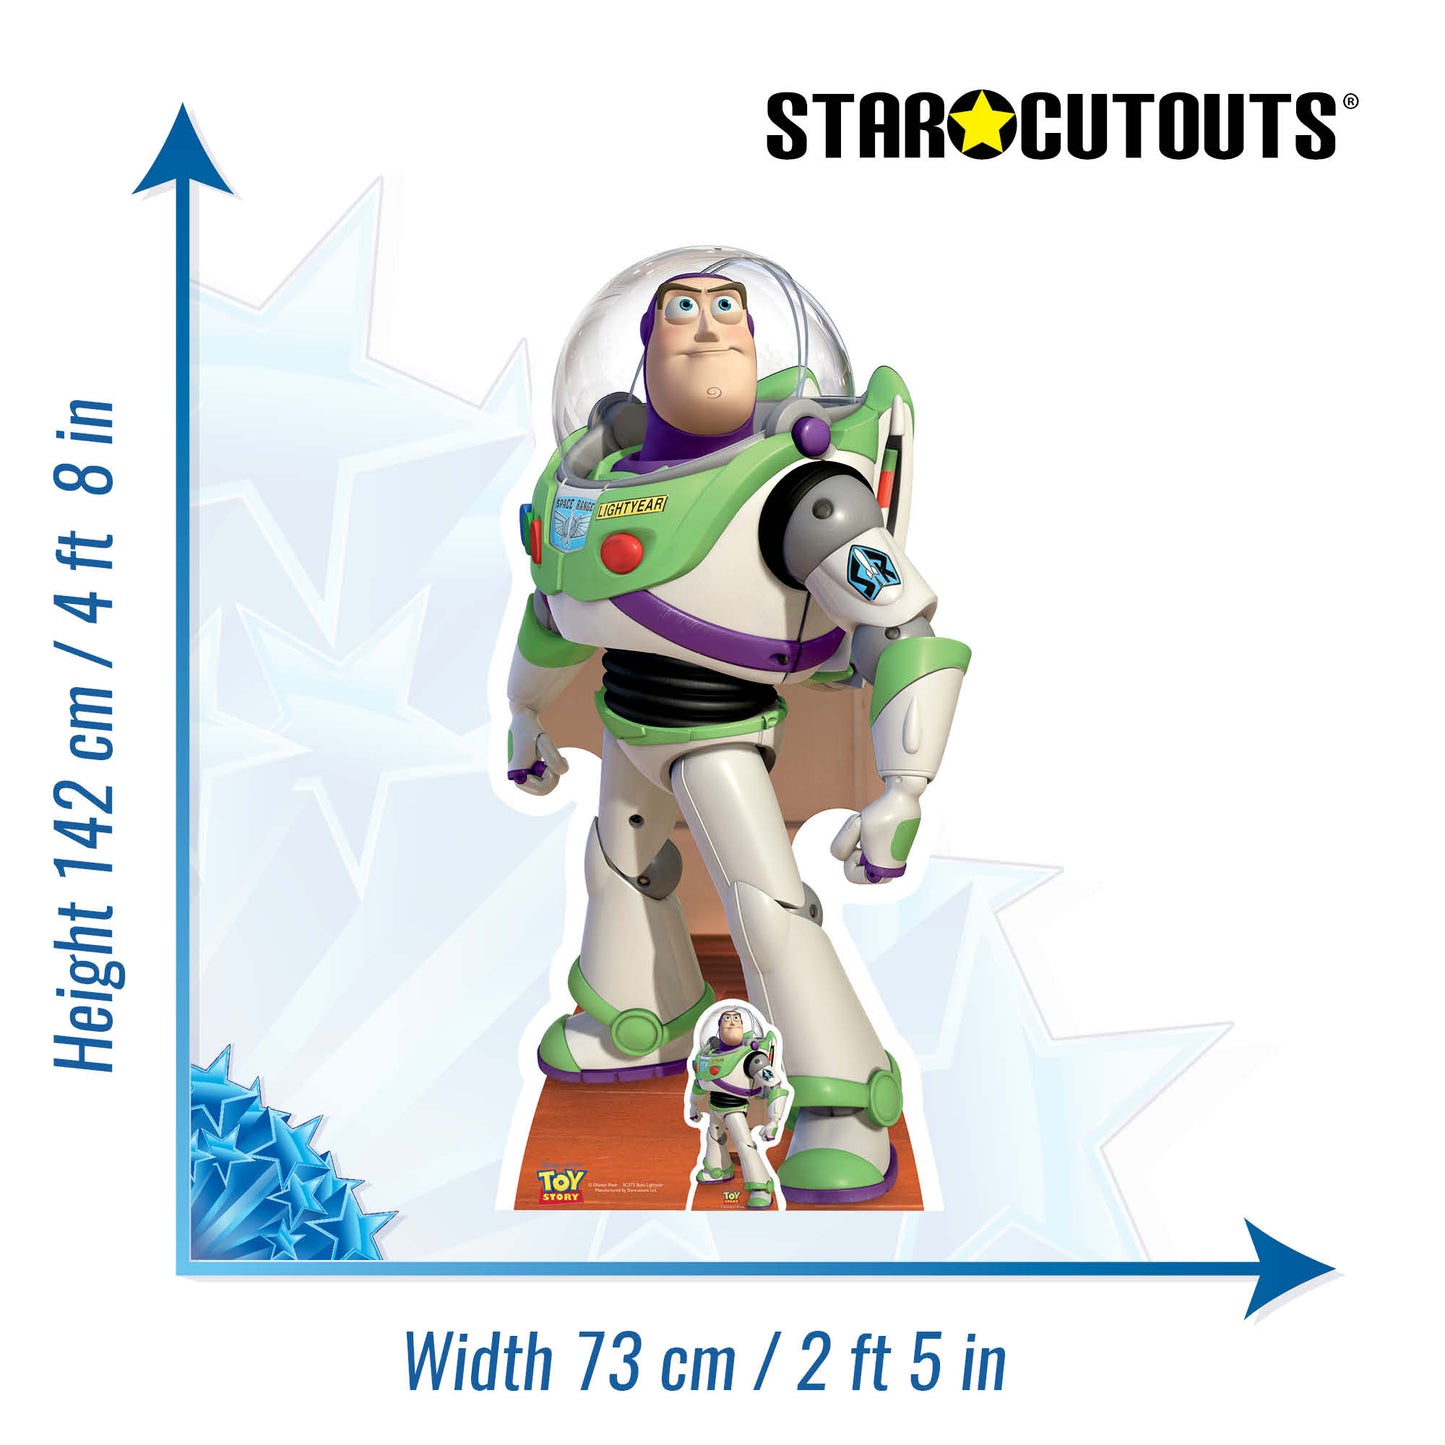 Buzz Lightyear Toy Story Cardboard Cutout
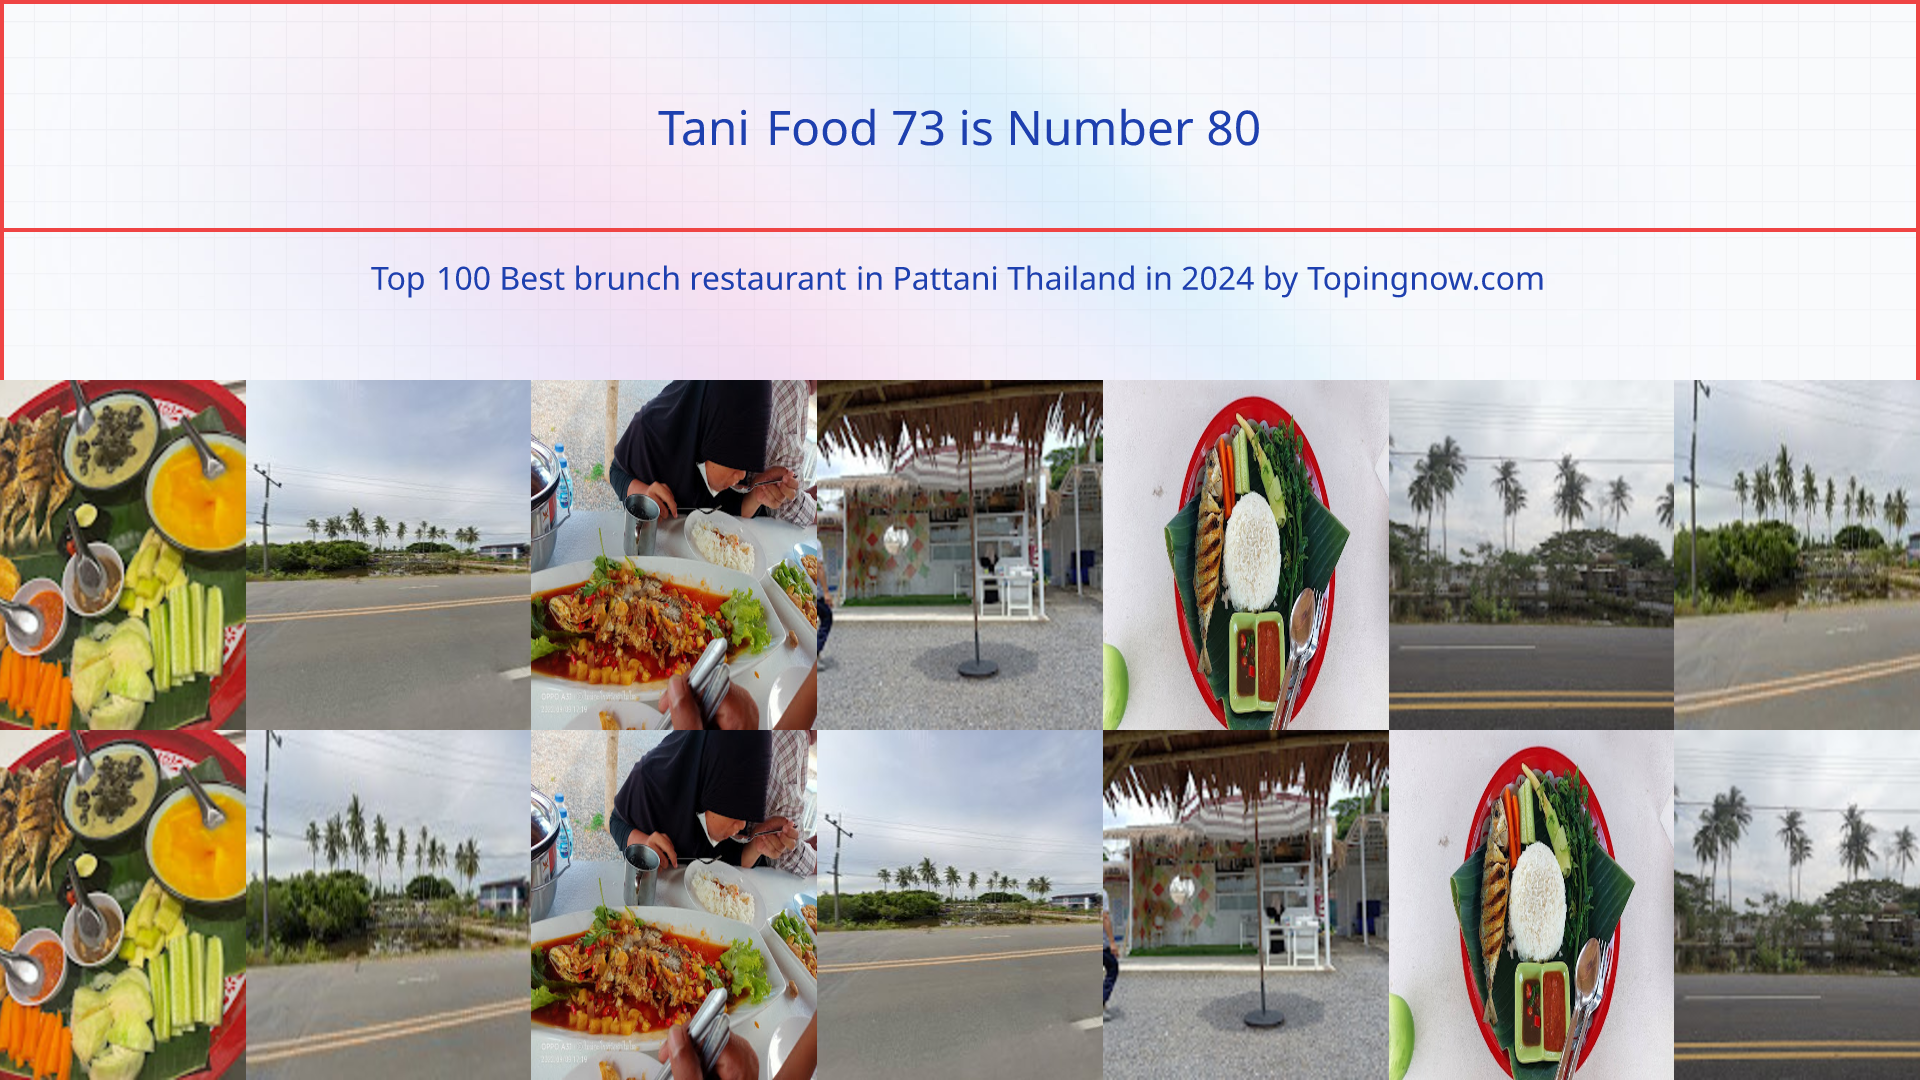 Tani Food 73: Top 100 Best brunch restaurant in Pattani Thailand in 2024
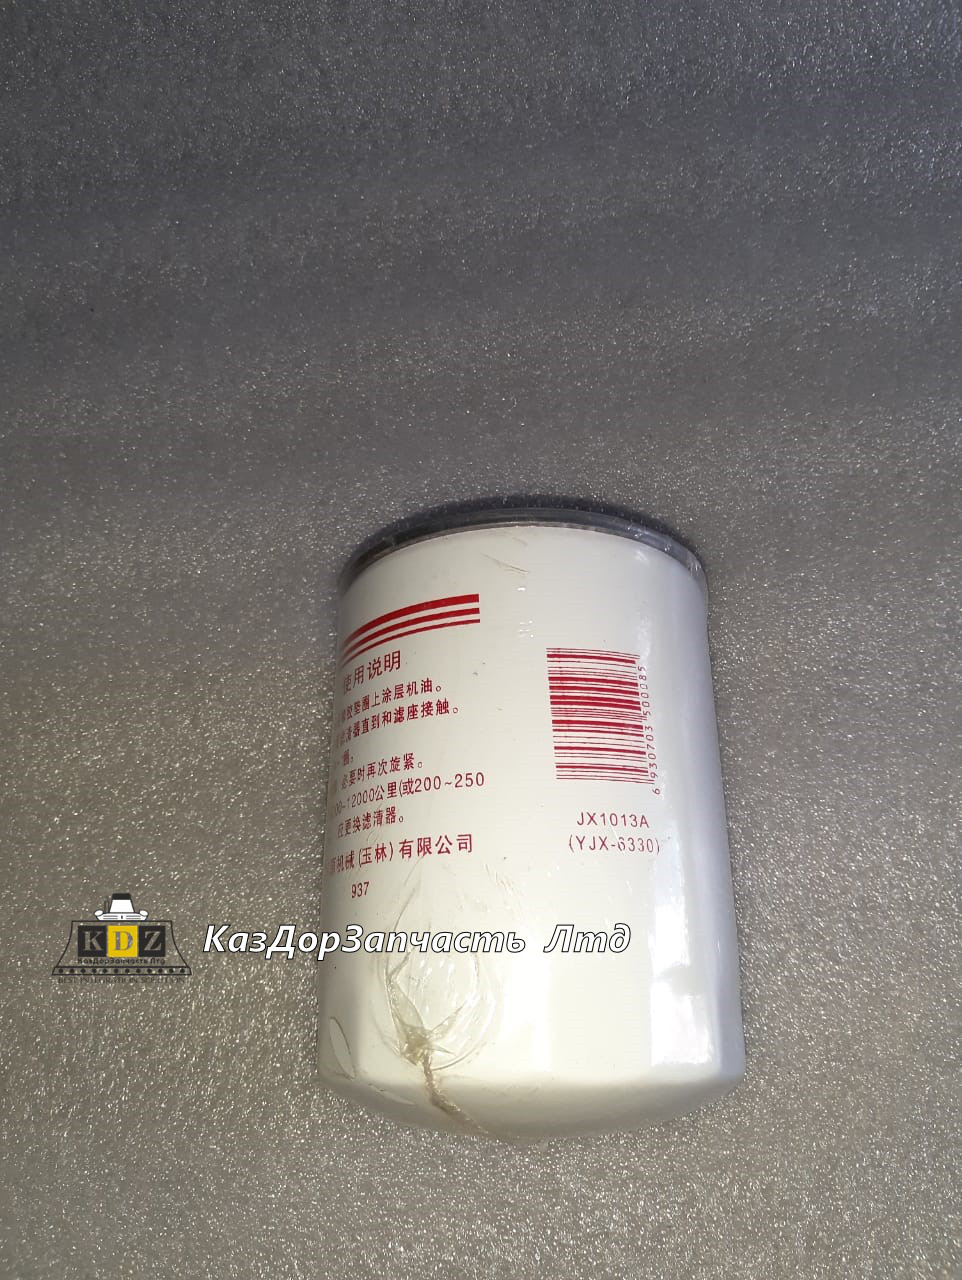 Масляный фильтр JX1013A/M3000-1012240A (YuChai)
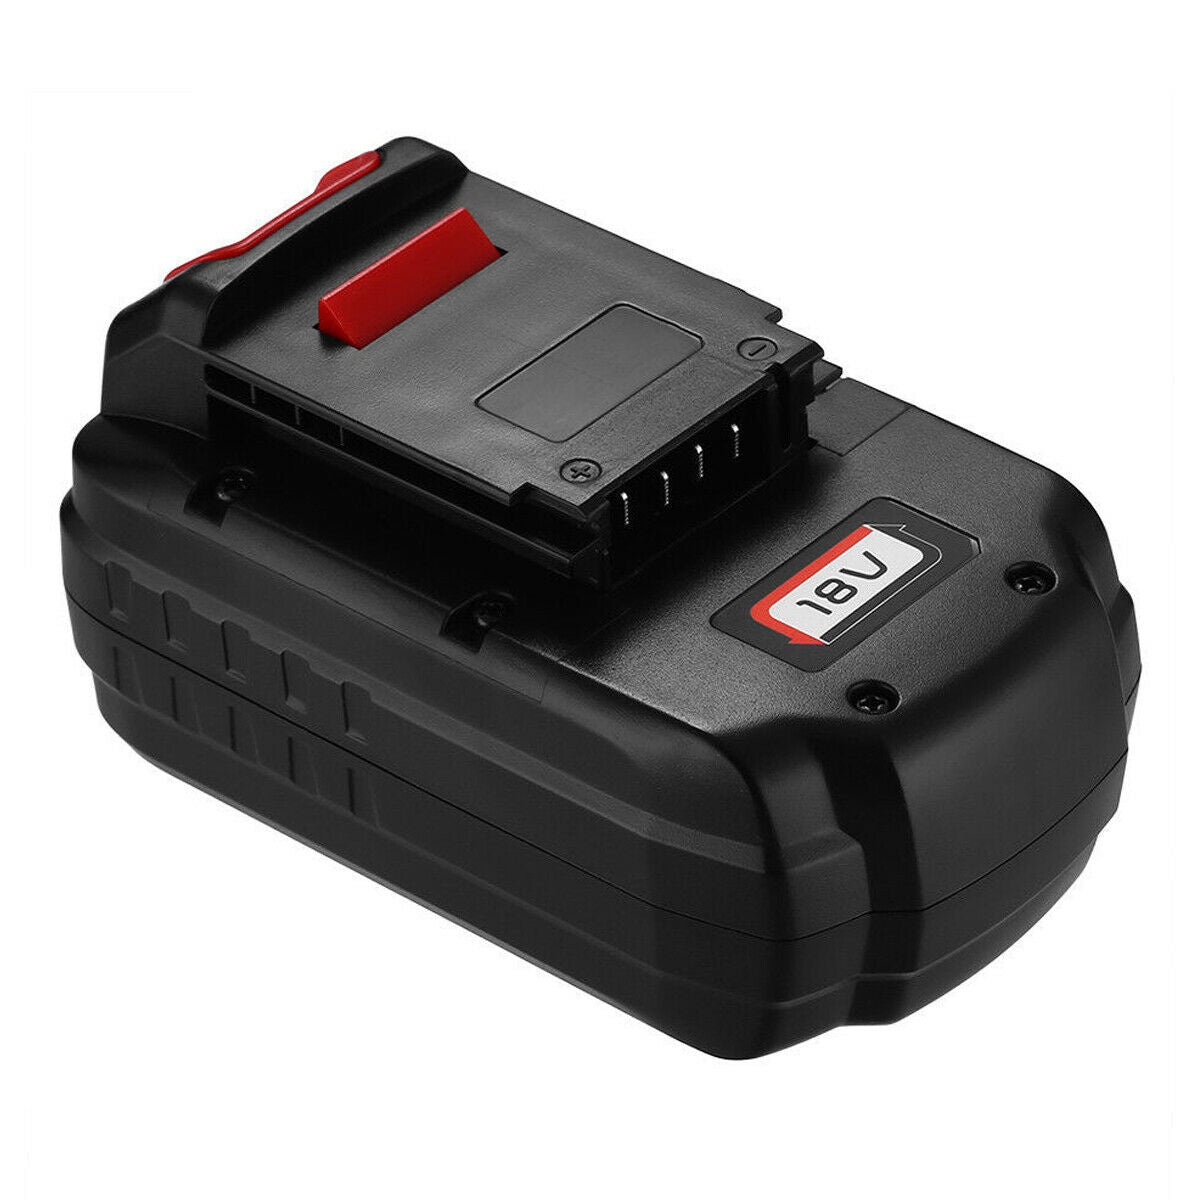 PC18B 18-Volt NI-MH Cordless Replace Battery Pack for Porter Cable 3.0Ah  PC18B PCC489N PCMVC PCXMVC Cordless Tools (1 pack)

#### Exercise goal
Reproduce the lines above exactly, please, but not the pictures in them.

#### Solved problem
 Buzz Lightyear Toy Story Cardboard Cutout
 Tani Food 73: Top 100 Best brunch restaurant in Pattani Thailand in 2024
 Масляный фильтр JX1013A/M3000-1012240A (YuChai)
 PC18B 18-Volt NI-MH Cordless Replace Battery Pack for Porter Cable 3.0Ah  PC18B PCC489N PCMVC PCXMVC Cordless Tools (1 pack)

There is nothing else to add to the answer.